Joke Collection Website - Mood Talk - Qq space funny copy with pictures
Qq space funny copy with pictures
In this final exam, I will tell you how many people are in our grade with my strength.
People like me who don't even know a few famous brands sometimes don't even feel that others are showing off their wealth.
4. I also eat when I see other girls eating, buy when I see other girls buying, and ignore when I see other girls thin and beautiful.
Be sure to remember those people who chat with you late into the night. It is because of them that you stay up late, which leads to such heavy dark circles and poor skin.
6. If you feel sick and retching when brushing your teeth, don't brush your teeth in front of the mirror.
7. I bought something from a convenience store and pushed an electric car home. The proprietress stopped her and said that she had stolen something, but she wanted to search it. I didn't steal anything. Why did I let her search? When there was a stalemate, the boss ran out and grabbed the boss's wife and said, "Look at the monitoring again. It's really not her. Like clothes, the face of stealing is not that big."
8. Does a girl's looks matter? God replied: important, ordinary girls can solve problems with a little charm, but some people can only rely on force.
9. If you are unhappy, go and study. Then you will find that everything is happy! Happy daze! Have fun playing games! Hand in hand! Happy everyone!
10. I envy those who left without saying goodbye. I can't. I have to take something from you when I leave.
1 1. Today, I trained my dog at home. After the training, my husband walked over and said to the dog earnestly, "Oh, how dare you fight with the tiger?" You are just a dog. "
12. The so-called goddess is the kind of person who knows at a glance that it is impossible to have sex with you in this life.
13. The red envelope was sent to the wrong person. I contacted the other party and returned it. The other party replied: "Fortunately, you met me!" "Mm-hmm, thank you very much!" He went on to say, "If you meet someone else, you may get it back!"
14. On the subway this morning, a beautiful woman slept on my shoulder for 20 minutes. Then a miracle happened, and a big brother standing opposite patted the girl: Daughter-in-law, don't sleep, it's time to stop.
15. My son asked me what it was like to get married. I took his iPod, deleted all the songs except one, and set it to play indefinitely until the battery died.

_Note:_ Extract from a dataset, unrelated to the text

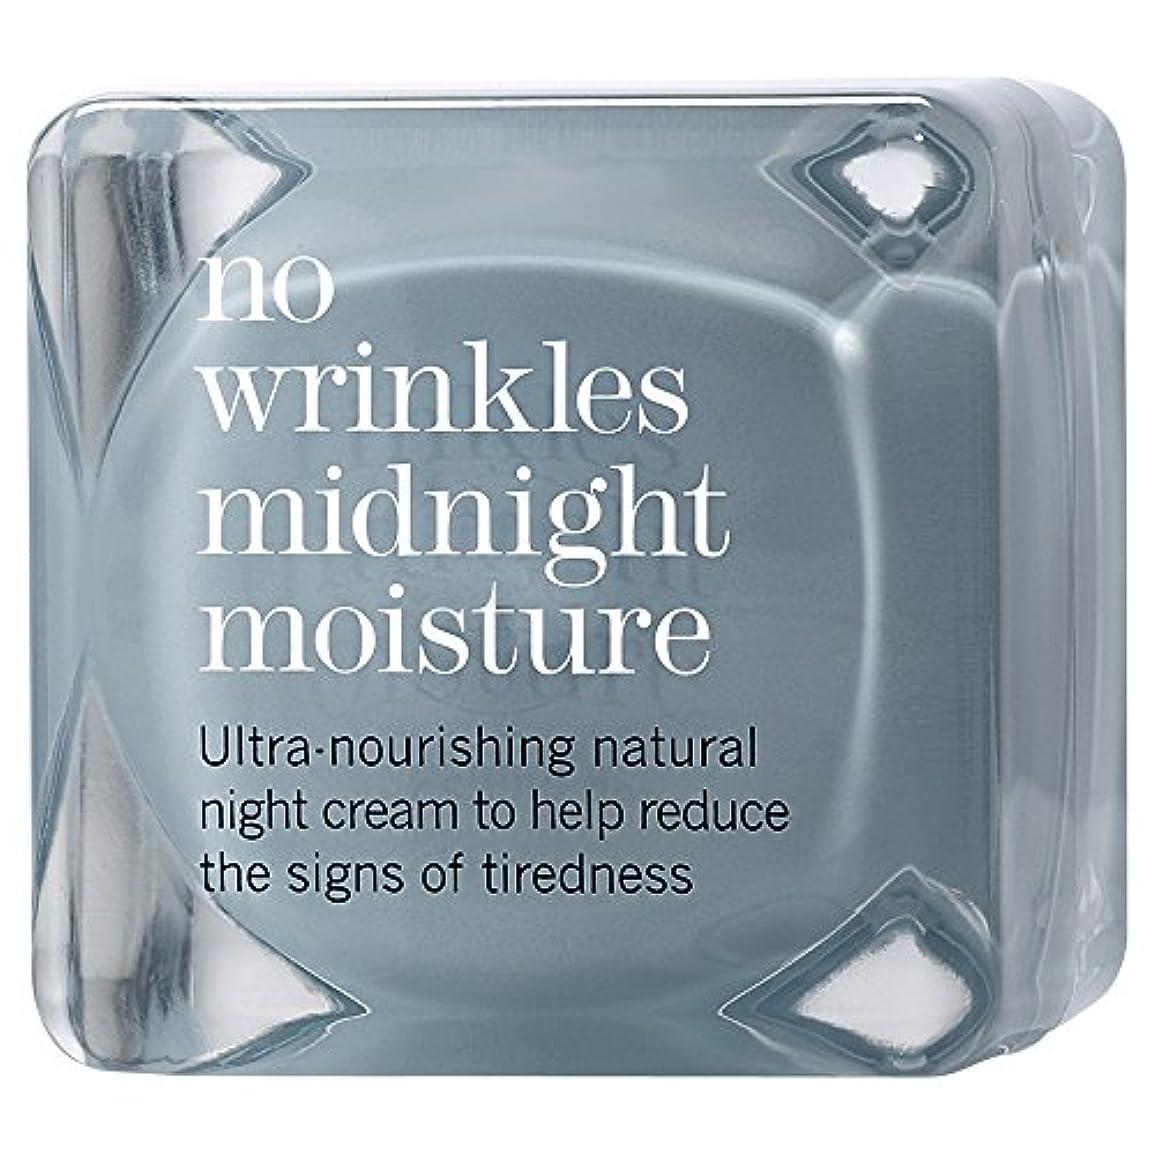 憂鬱前件姓これにはしわ真夜中の水分48ミリリットルの作品はありません (This Works) (x6) - This Works No Wrinkles Midnight Moisture 48ml (Pack of 6) [並行輸入品]

16. A buddy in the dormitory had a dog, and he left it on the ground the day before yesterday without washing the dishes. I was going to eat at noon yesterday. As soon as I saw that the bowl was clean, I ate it without washing it. Later, I went back to the dormitory and asked the buddy, "Did you help me wash the dishes?" The buddy calmly said, "The dog licked it."
17. People used to say that my eyes were small, but I still don't believe it. Finally, one day, I was lying on the sofa watching TV, and suddenly my mother came back and turned off the TV, and then quietly covered me with a quilt.
18. Some people have sent a circle of friends and want to fall in love. A week later, they fell in love. I made a circle of friends and wanted to fall in love. I still sent it a year later.
19. In high school, I was a flag bearer because I was tall in the national flag team. The first time I raised the national flag, I kept it in mind that throwing the national flag should be taught with strength. As a result, the flag was punctured. From then on, Jianghu people called him a "strong flag bearer".
20. If you like a handsome guy, please don't take immediate measures. Get to know him first, and before long, you will find that his friends are more handsome.
2 1. I didn't know my criteria for choosing a spouse until I met you.
22. Every morning, my bed tugs at me desperately and won't let me go. It's too greasy. No, I have to find a way to cure it.
23. I found a thief at home in the middle of the night and stayed in bed. I also expect him to find some money in my house.
24. Falling in love can make people's memory decline. I remember this sentence. 2065438+01just finished eating on the evening of April 20th. At about 5: 58, I saw it in the third line of page 25 of a medical magazine.